Predictive Analytics in HR: Do you have the data needed to back that up?
Some organizations have begun to use predictive analytics as part of their hiring process. I filled out questionnaires used for analytics while applying for HR Manager positions. Supposedly, there are no right or wrong answers. The employer just wants to know “how we are wired” to move on to the next phase.
An excerpt from one of these questionnaires appears below. Section one lists one hundred ten adjectives from which the applicant chooses to describe him/herself. Section two presents the same list and asks that the applicant use them to describe how one should behave in their current work environment.
Do you really know how your predictive analytics are supposed to work? It has a growing presence in talent acquisition but has never been proven effective in this context. We do know that these algorithms must draw from a wealth of data to reach any meaningful conclusion. Does your company have enough data to determine who will make a great hire?
I applied for two positions for which the hiring manager applied this methodology. A “thumbs up” from the predictive assessment was required to move on to the next step in the process. Despite claims of “It’s not pass or fail,” I never received a follow-up call after either test. When I asked for feedback, none was provided.
The test is pass or fail. Don’t believe otherwise.
You passed if you are called to the next phase. You failed if you aren’t.
The soul-sucking part of this assembly line process lies in the fact that there is no way to know where you went wrong. You are selecting adjectives with no situational context. Does it really make sense to exclude a candidate because of vacuous word selection? If someone did this manually, they would be considered a crackpot, but because the actual logic is hidden within an automatically executed algorithm, the result is treated as gospel. This is not logical, or rational, or in keeping with any expert understanding of computer science. It is nothing but snake oil software.
Depending on our age, our culture, upbringings, education, and experience, the way we answer these surveys will vary. When implementing this type of strategy do you really know what you’re looking for as a recruiter or as an organization? Do you know what kind of mental-wiring you’re looking for?
I am at a point in my life and my career that I picked the same words for Section 1 & 2. If I was younger and new to the workforce my answers will be different. If this was supposed to be no right or wrong answers, nor is it pass or fail, what is the point of this process? Why spend the money on this assessment if you’re only trying to detect how a person is wired? Wouldn’t this be at some point a discriminatory/prejudicial process that may impact people based on age, gender, ethnicity, and disability since how we answer may predict these things? Not knowing which section is given more weight and how we are scored, how do we improve or meet the implicit expectations?
I met a couple of data scientists who use predictive analytics in a variety of business domains. One works for a health insurance company, and I can see how datasets available to insurers could drive useful analytical outcomes. Unfortunately, they also took on the task of extending these methods for use in talent acquisition. Neither has ever actually worked in the recruiting field! We need to stop letting non-HR people define the essential decision-making processes we use to do our jobs! Would you let someone with no HR expertise walk up to your desk, rifle through your files, and start ordering around? Let’s wake up to the fact that this is exactly what’s being done, being blinded by those who package the clueless interference in a piece of software and label it “analytics.”
I’m not a fan of any personality assessments. I don’t think they are useful indicators of who we are as professionals or indicative of what we bring to the table. If anyone out there has rigorous studies they can quote to contrary, I’ll gladly listen to them, but I’m not holding my breath.

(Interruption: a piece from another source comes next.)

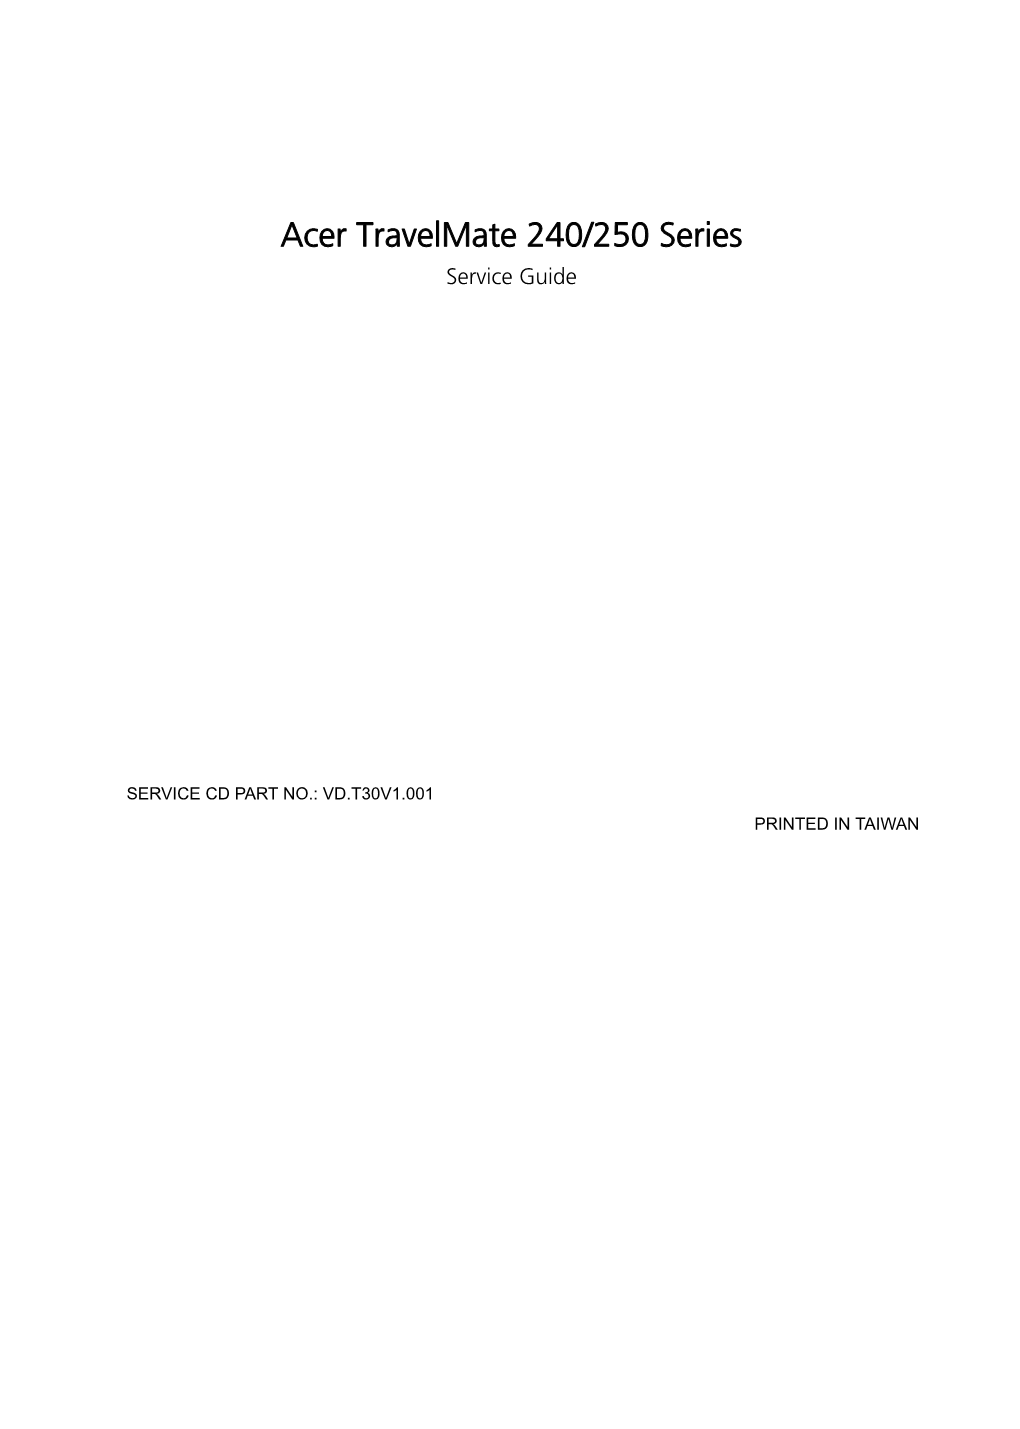 Acer Travelmate 240/250 Series Service Guide

The business world has a long and infamous history of rabidly seizing upon trendy practices without a shred of evidence that attests to their effectiveness.

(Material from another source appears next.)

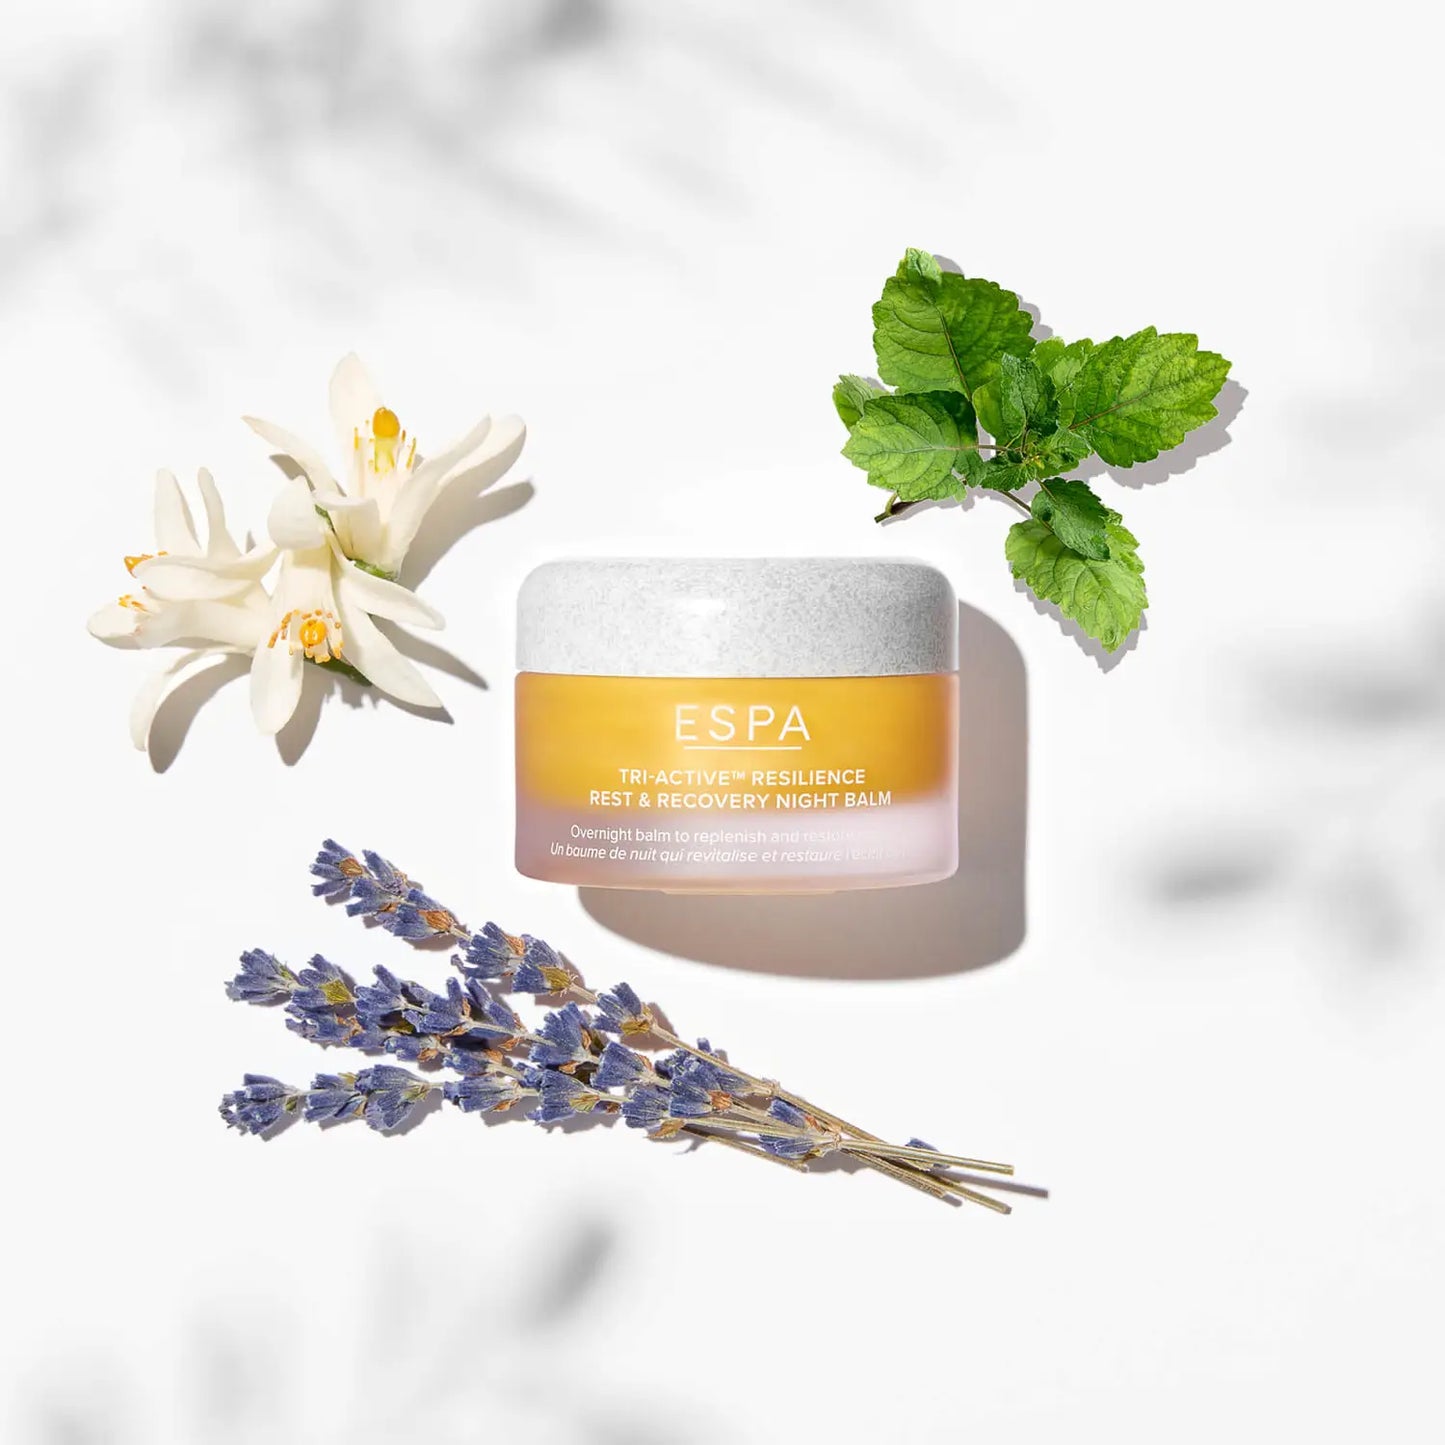 ESPA Tri-Active Resilience Rest and Recovery Night Balm

I’m also not a fan of hiring for cultural fit, because what constitutes cultural fit should and will evolve over time. A static, inflexible notion of cultural fit is a surefire way to achieve organizational sclerosis. If we want to assess our candidates, let’s assess the skills they bring to the table After all, isn’t our current concern about skills gap, and not some nebulous black-box notion of “how we are wired?”

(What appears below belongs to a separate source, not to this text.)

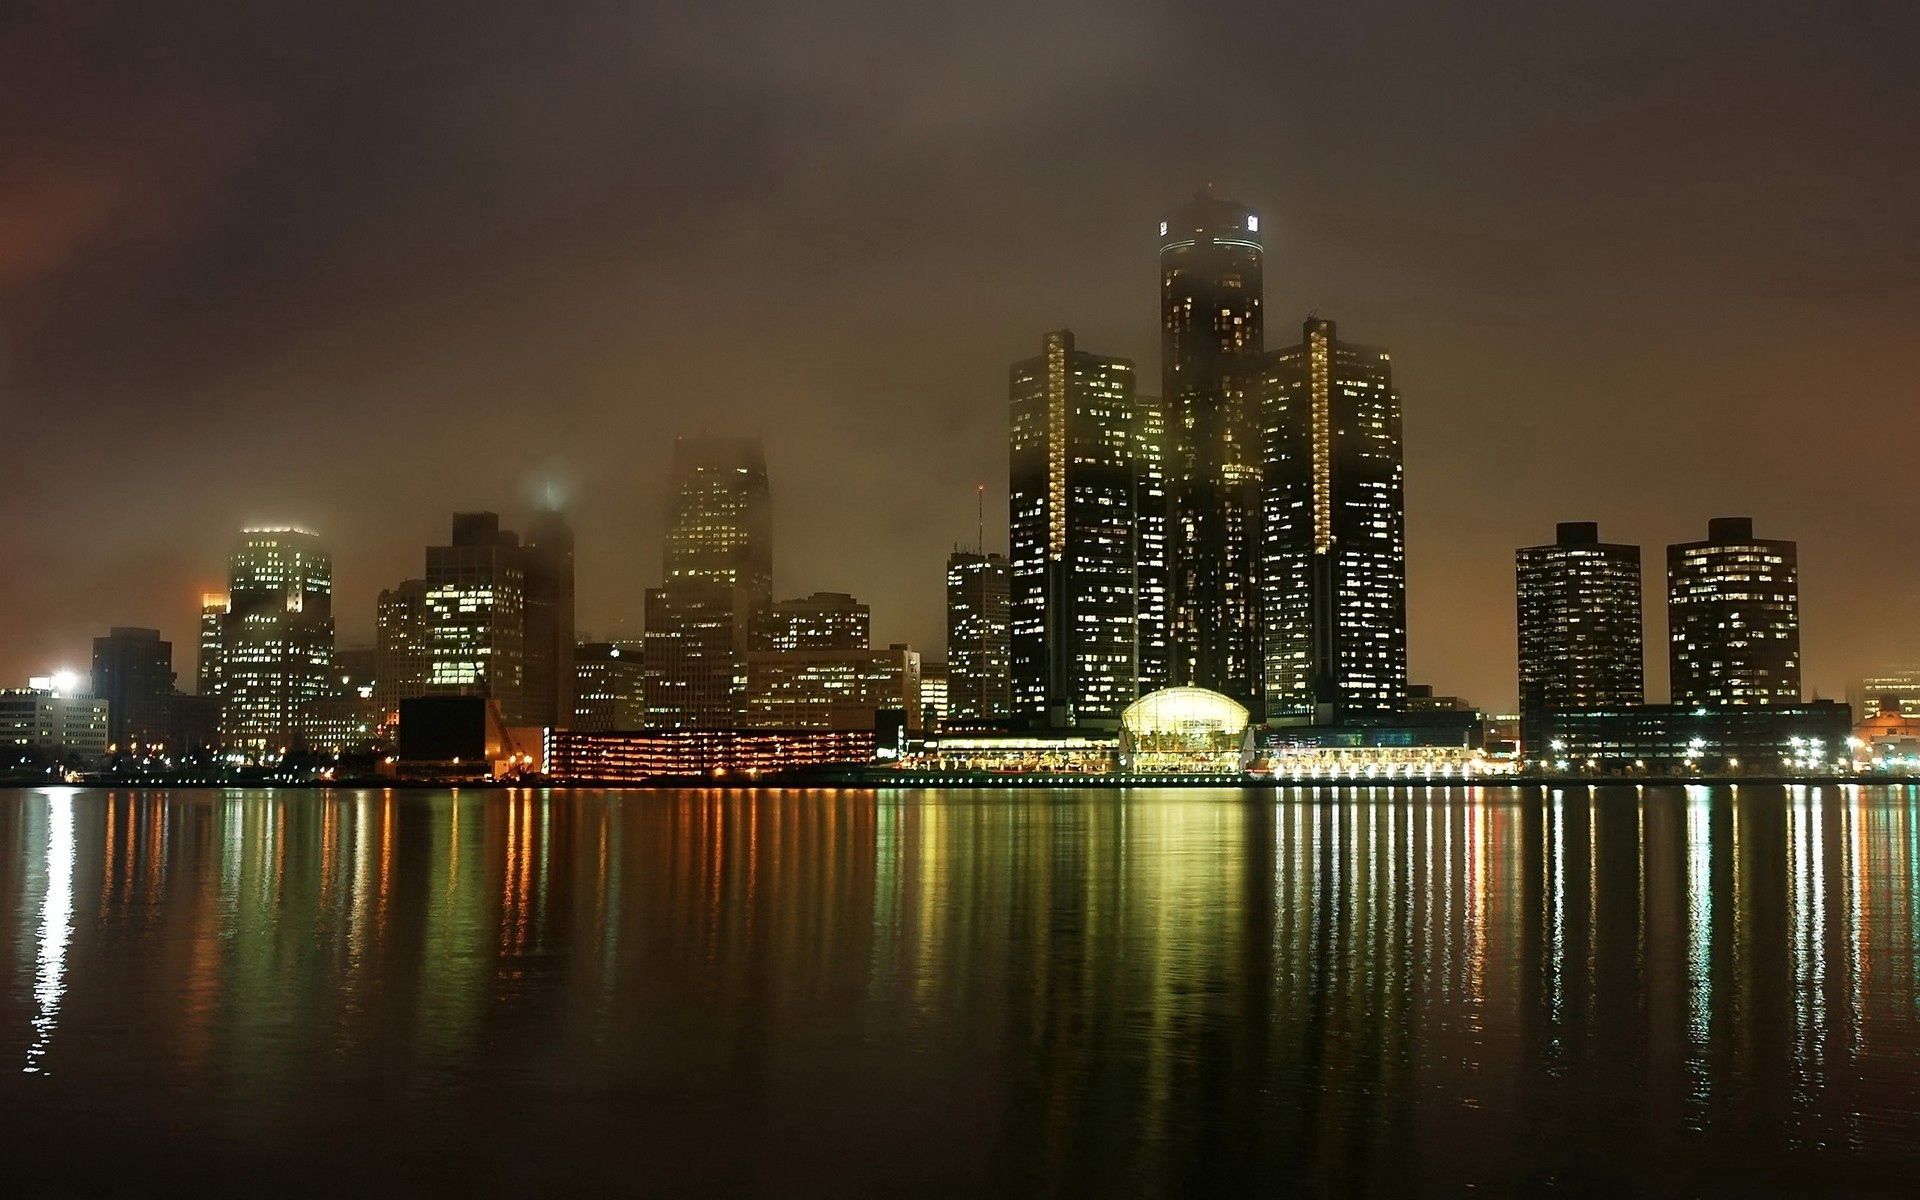 america, landscape, cities, water, houses, sea, night, usa, building, lights, reflection, fog, ocean, skyscrapers, united states, megapolis, megalopolis, view, bay, embankment, quay, michigan, detroit

Predictive analytics is the practice of extracting information from existing data sets in order to determine patterns and predict future outcomes and trends. Predictive analytics does not tell you what will happen in the future (wabopedia.com).
The Data: “Lack of good data is the most common barrier to organizations seeking to employ predictive analytics” (hbr.org).
To make predictions about what kind of employees we should employ, we need these kinds of data points:
- Characteristics and accomplishments of current employees
- Characteristics and accomplishment of past employees.
- Reasons employees stayed
- Reasons employees left
If you lack this kind of data, along with some means to feed it into the analytical model, then the analytical model is useless. If you’re a small-medium company or a start-up, it’s particularly likely that this is the case.
The reason predictive analytics work in domains such as sales is the wealth of data available to the model. The same goes for healthcare.
The same just can’t be said of talent acquisition. Period. Even worse, applying these algorithms may lead to bias and perhaps discrimination, if the outcome includes disproportionate impact on protective groups. If you can’t open the black box, how do we know there’s not a bigot inside? The software vendors pushing this snake oil provide nothing but vacuous hand-waving when they assure us this isn’t the case. This is why many HR pros who are also practicing attorneys don’t like assessments that fail to actually measure person’s ability to do the job.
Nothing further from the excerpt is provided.